In the opening sequence, Borneo tribesmen are seen hunting a tiger. Tigers have been extinct on Borneo for 11,000 years. They exist on nearby Sumatra, but the tiger depicted was a Bengal tiger native to the Indian subcontinent. See more »
ANACONDAS: THE HUNT FOR THE BLOOD ORCHID (2004) * Johnny Messner, KaDee Stickland, Matthew Marsden, Nicholas Gonzalez, Eugene Byrd, Karl Yune, Salli Richardson, Morris Chestnut. (Dir: Dwight H. Little) SSSSsuper Ssssize Sssssnakes Redux!
While it is hard to believe that there was an actual clamor albeit a 7 years later one for a sequel to the marginal hit 'Anaconda' starring Jennifer Lopez and Ice Cube it is even harder to believe that the film is a near-virtual remake only substituting a documentary film-making crew with a scientific expedition that none-the-less winds up the river without a paddle in this rudderless display of new ineptitude.
When a pharmaceutical conglomerate giant decides to listen to a panel of young, go-getting researchers to extract an extremely rare blood orchid from Borneo that may have the key to eternal youth (you can practically here the ka-ching! of millions of cash registers and saliva foaming at the corners of their mouths with greed) they are pressed for time since the flower only blooms once every seven years (of course!) and literally have days to procure the bounty that awaits in the thick no-man's jungle that only offers rogue boat captains (you'd think a multi-gazillion corporation would have their own fleet of ships at the ready but NOOOOOO!!!) in questionably seedy bars with an appropriately slap-dash vessel at the wait.
So begins the journey into fear since not one character in this unknown cast emerges with a unique thought as to maybe that this is not a good idea with the fact that it is monsoon season and they have not a clue as to the dangers that lie in waiting (cue the giant deadly snakes!)
Captain Bill Johnson (can he be a more blandly named 'hero'!?!?- played by Messner, who resembles a deflated, charisma-less version of The Rock) skippers the team with his Asian first mate, Tran (Yune) and cute monkey Kong (who gets the most close-ups, I kid you not then the entire cast combined!) in tow with a few problems that derail them over a waterfall and eventually trekking through the treacherous tropical thicket where one-by-one they become prey to a 40 foot anaconda and several of his buddies (we learn that it is mating season How convenient! and it seems a booty call for the cold-blooded reptiles is in order , but first one must eat and the international food court (that would be the untalented cast) is tops of the menu.

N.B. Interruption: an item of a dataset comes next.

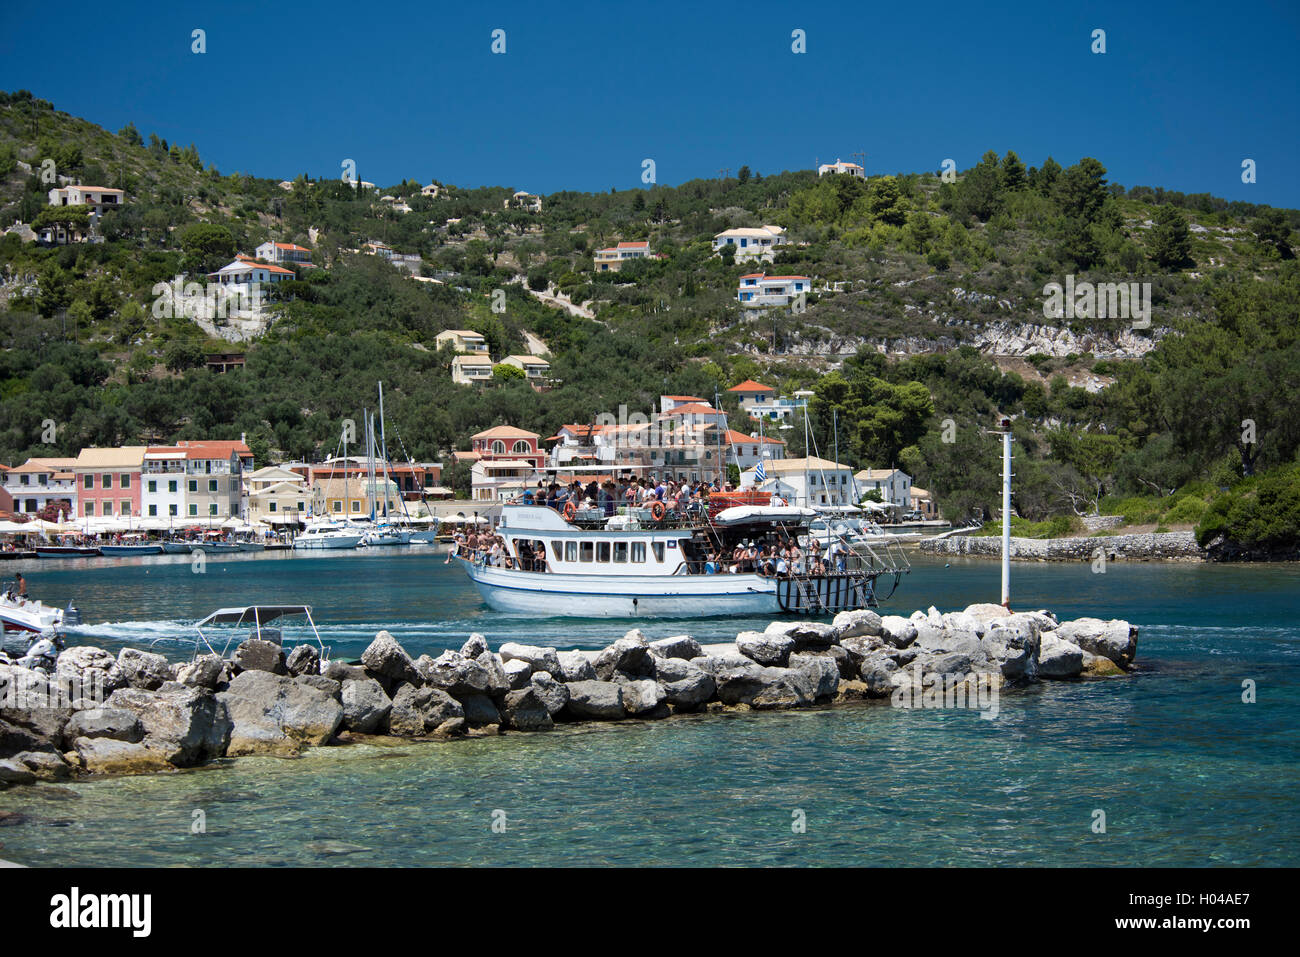 Eine Rechtskurve Boot voller Touristen gehen in den Hafen von Gaios auf der Insel Paxos, die Ionischen Inseln, die griechischen Inseln, Griechenland Stockfoto

The sequel's biggest problems is that there is no one to truly root for, with its cardboard characters : Richardson, the bitchy idiotic company woman who actually whines she's lost her phone after being rescued from a crocodile (!); Marsden the Rico Suave of Doctors Without Frontiers program (I kid you not!); Byrd, the black sacredy cat ala Bill Paxton's Hudson in 'Aliens'; Marsden as the not-to-be-trusted British scientist and Chestnut the only real name actor and substitute 'Boyz N The Hood' alum for Cube basically doing a variation of Samuel L. Jackson's gig in 'Deep Blue Sea'. However Strickland's mousy administrative assistant proves to be the film's wild card as she gets in touch with her inner Sigourney Weaver mid-way through the slogging mess (literally) that is this lame, dunderheaded horror flick that elicits very few scares no thanks to the pedestrian direction by hack Little.
The CGI critters do in fact look more authentic than its predecessor however they are barely on screen long enough to get worked up over but should note that they are effectively quicker in their kills. Wish they could've done the same to the bonehead who greenlit this loser.